#### Exercise aim:
In the entries below, which lines run from the one with "Festive Threads Unisex" through the one with "Flax 001 cream"? Repeat exactly those, both included, and no pictures.

#### Data:
=== Begin Enclosure ===
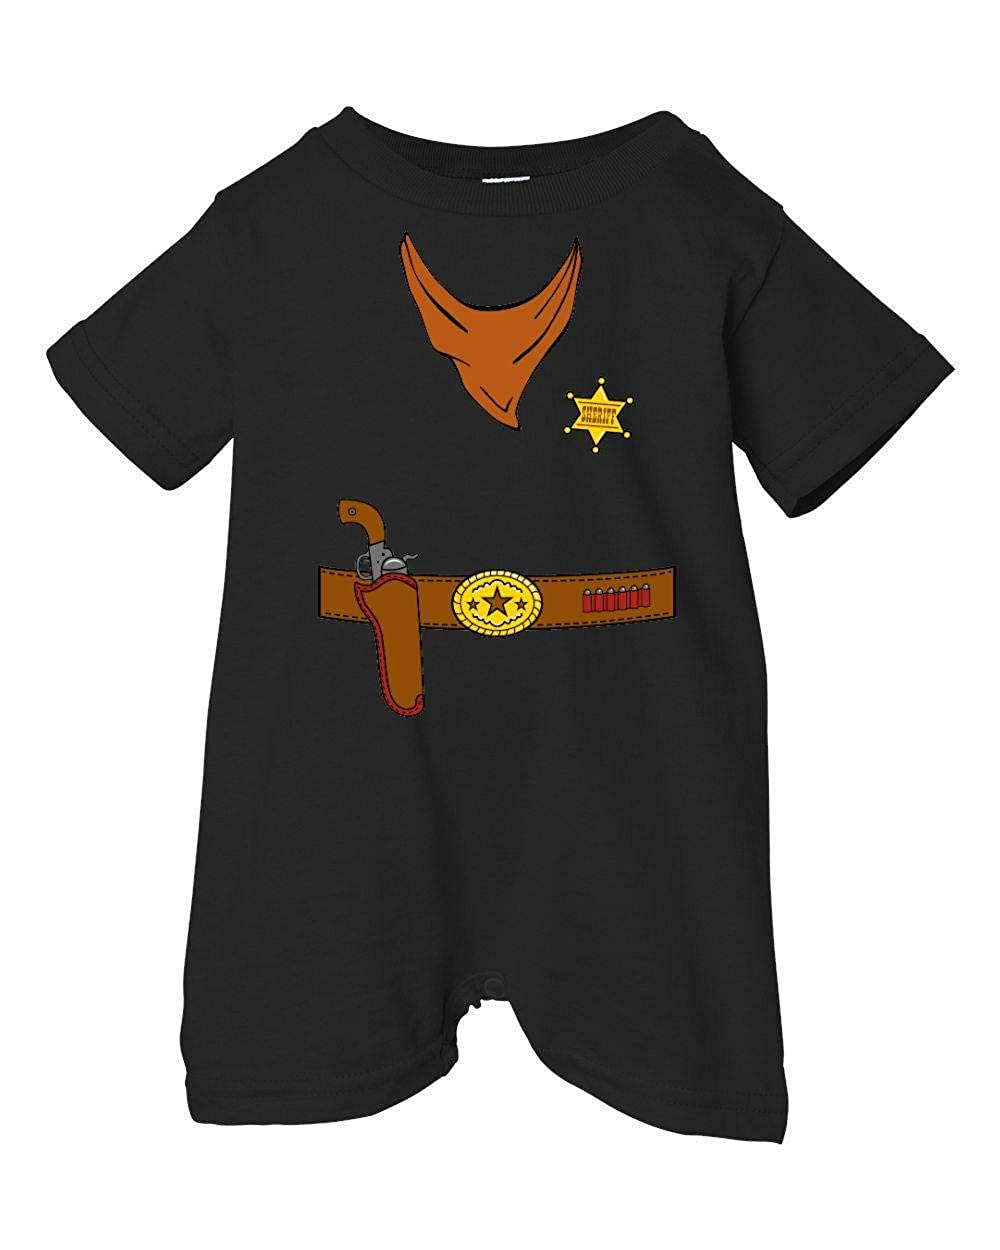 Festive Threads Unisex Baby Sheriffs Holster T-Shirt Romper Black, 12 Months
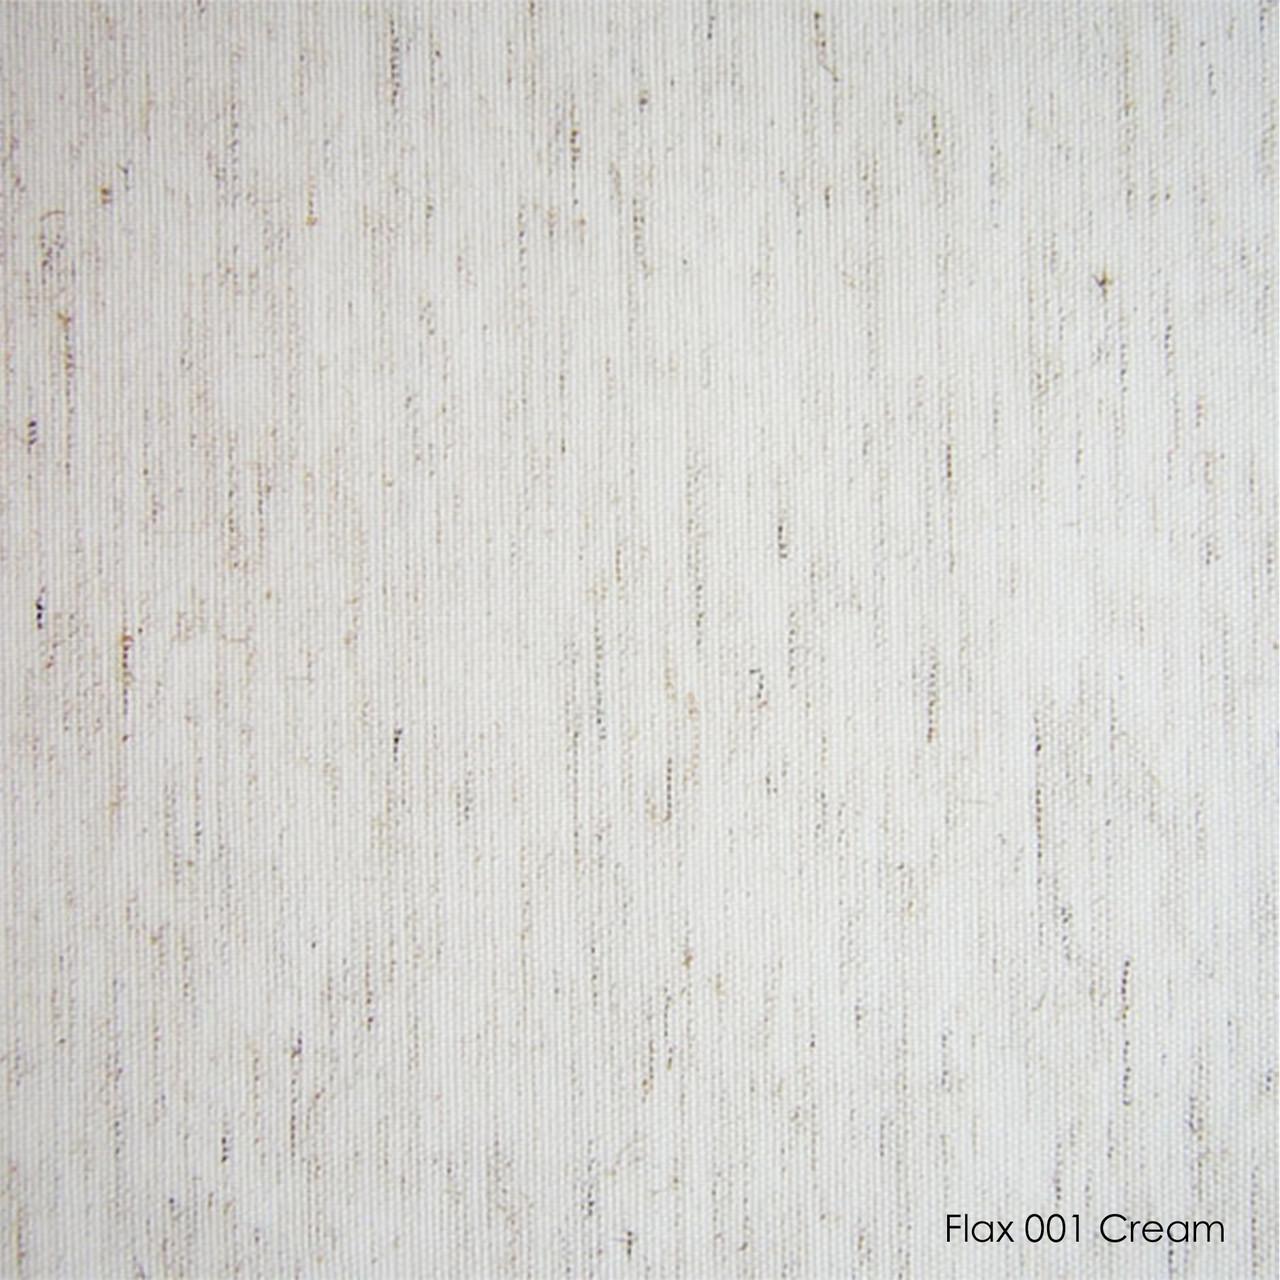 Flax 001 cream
=== End Enclosure ===
=== Begin Enclosure ===
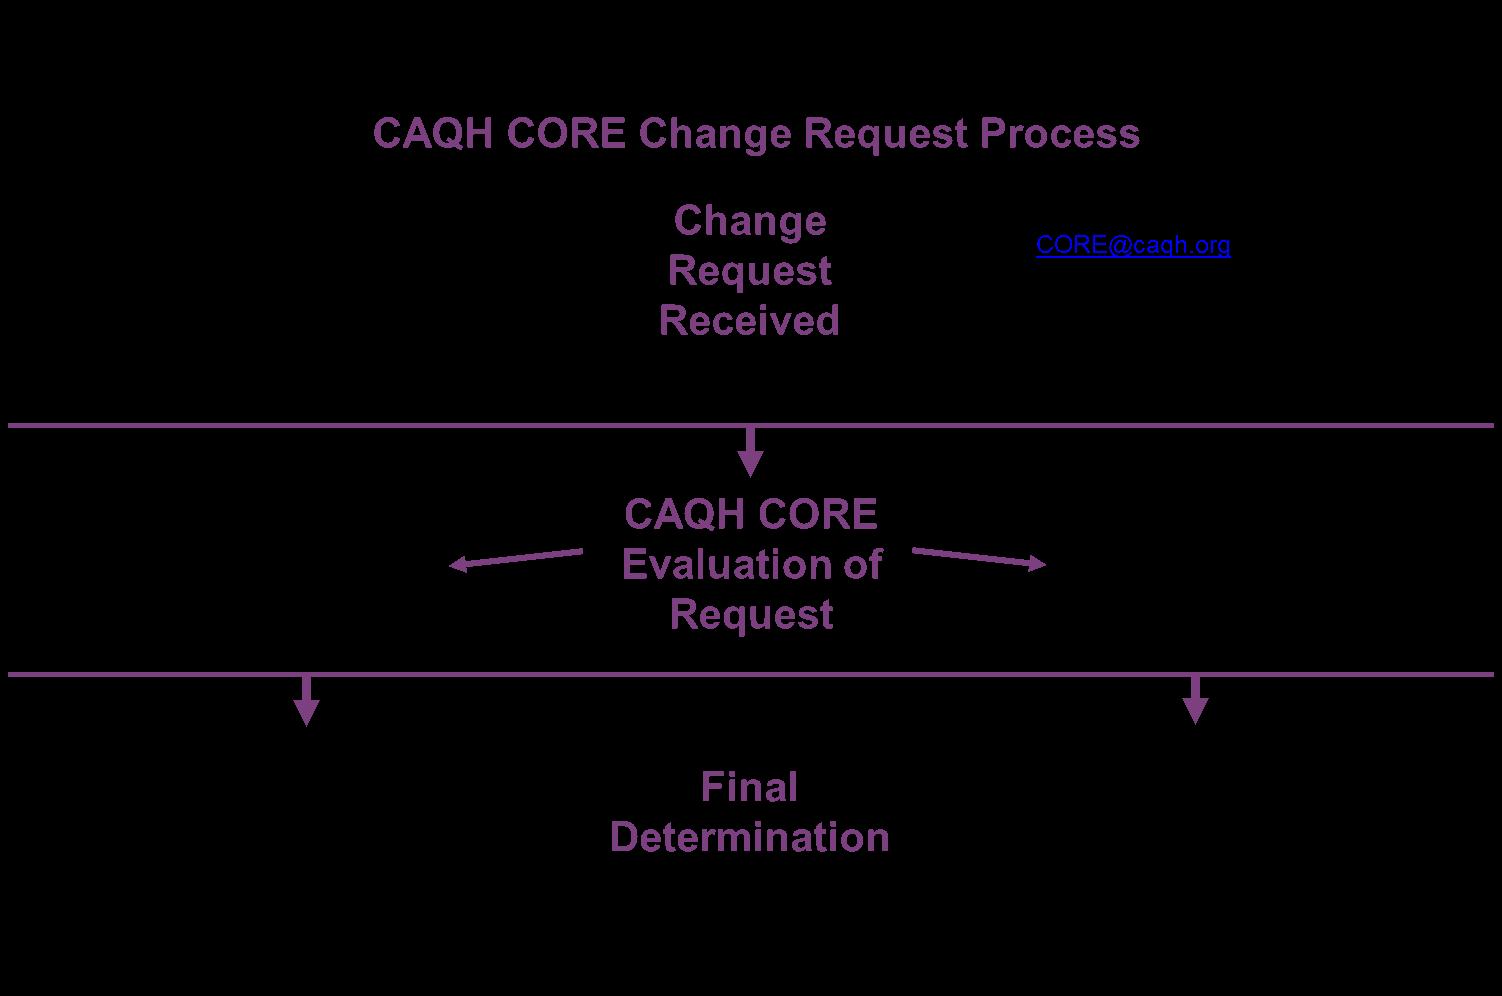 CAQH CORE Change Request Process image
=== End Enclosure ===
#### Solution to this problem:
 Festive Threads Unisex Baby Sheriffs Holster T-Shirt Romper Black, 12 Months
 Flax 001 cream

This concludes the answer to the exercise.